====== Recorded information ======

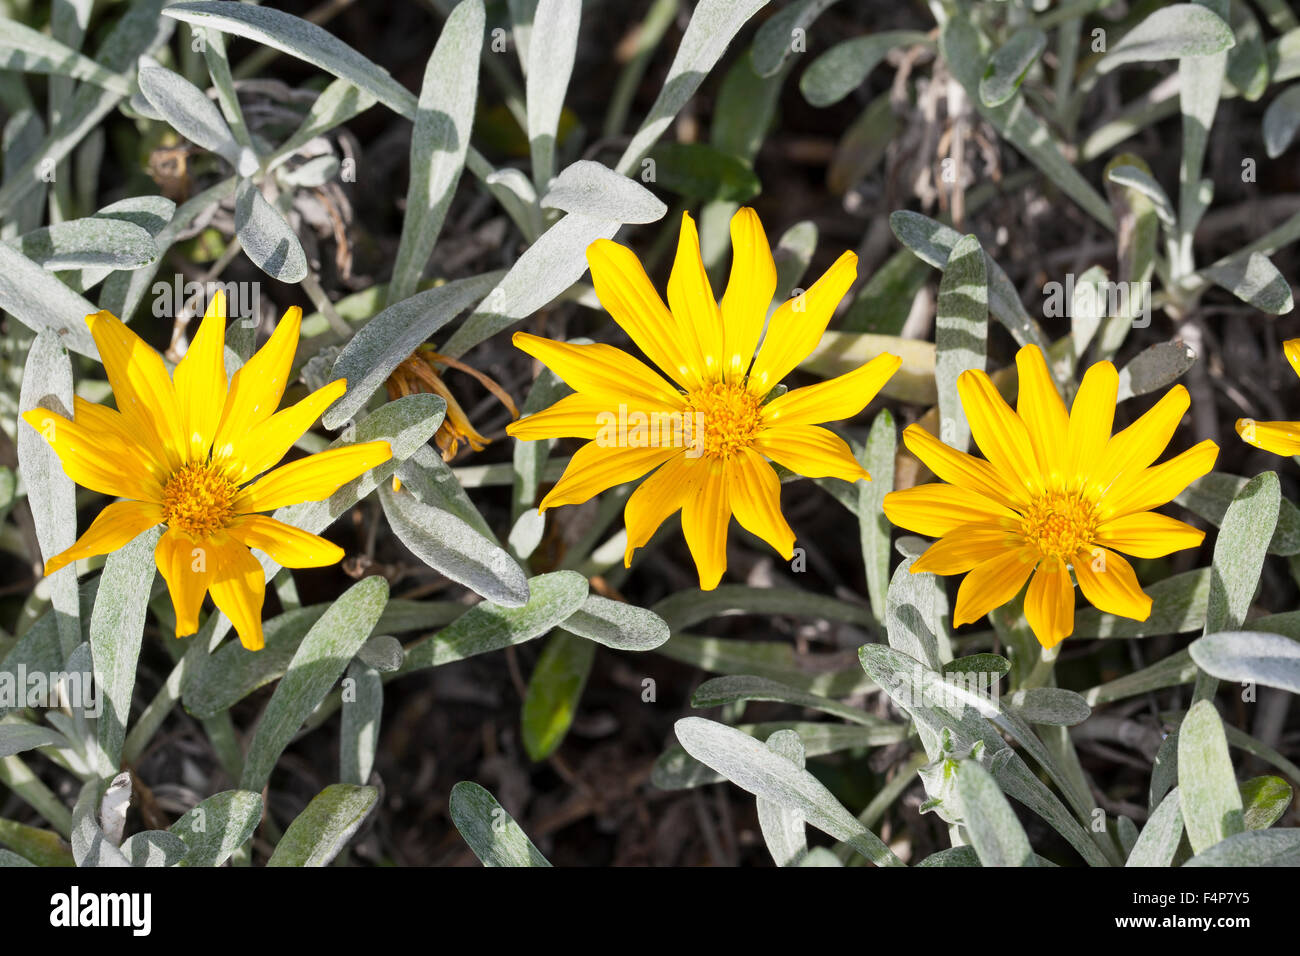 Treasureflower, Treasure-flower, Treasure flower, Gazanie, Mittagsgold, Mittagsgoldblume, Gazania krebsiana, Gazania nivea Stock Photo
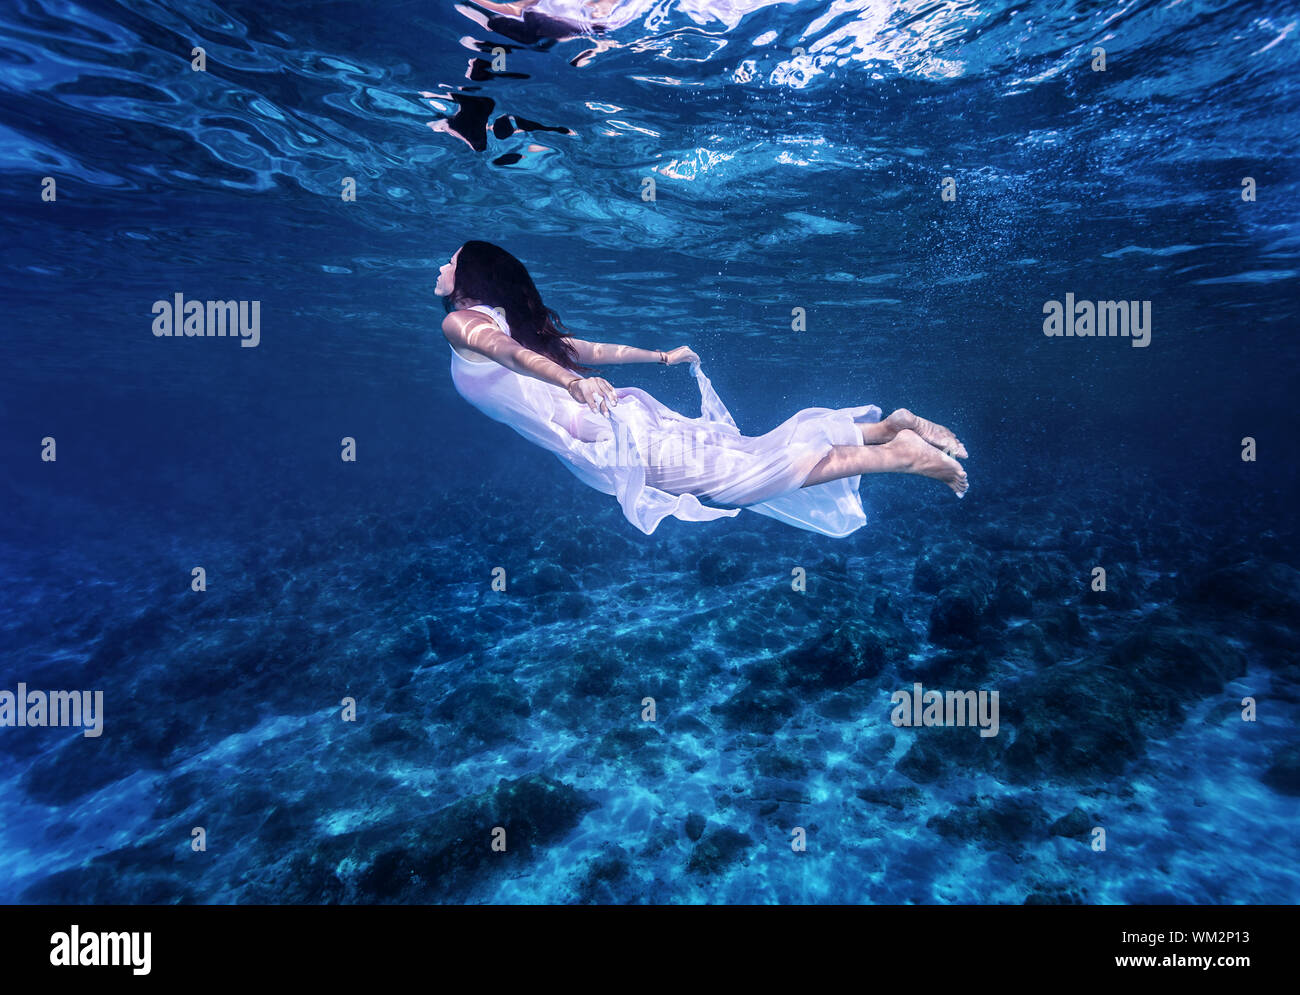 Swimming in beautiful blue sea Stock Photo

======
====== Recorded information ======

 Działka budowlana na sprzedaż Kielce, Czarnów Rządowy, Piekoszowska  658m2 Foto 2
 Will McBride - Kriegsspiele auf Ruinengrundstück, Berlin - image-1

======

* **Try it**
Above are some records. Reproduce the lines from the one with "Treasureflower, Treasure-flower, Treasure" down to the one with "Swimming in beautiful blue sea Stock Photo", keeping both, and leave every picture out.

* **Answer for this exercise**
 Treasureflower, Treasure-flower, Treasure flower, Gazanie, Mittagsgold, Mittagsgoldblume, Gazania krebsiana, Gazania nivea Stock Photo
 Swimming in beautiful blue sea Stock Photo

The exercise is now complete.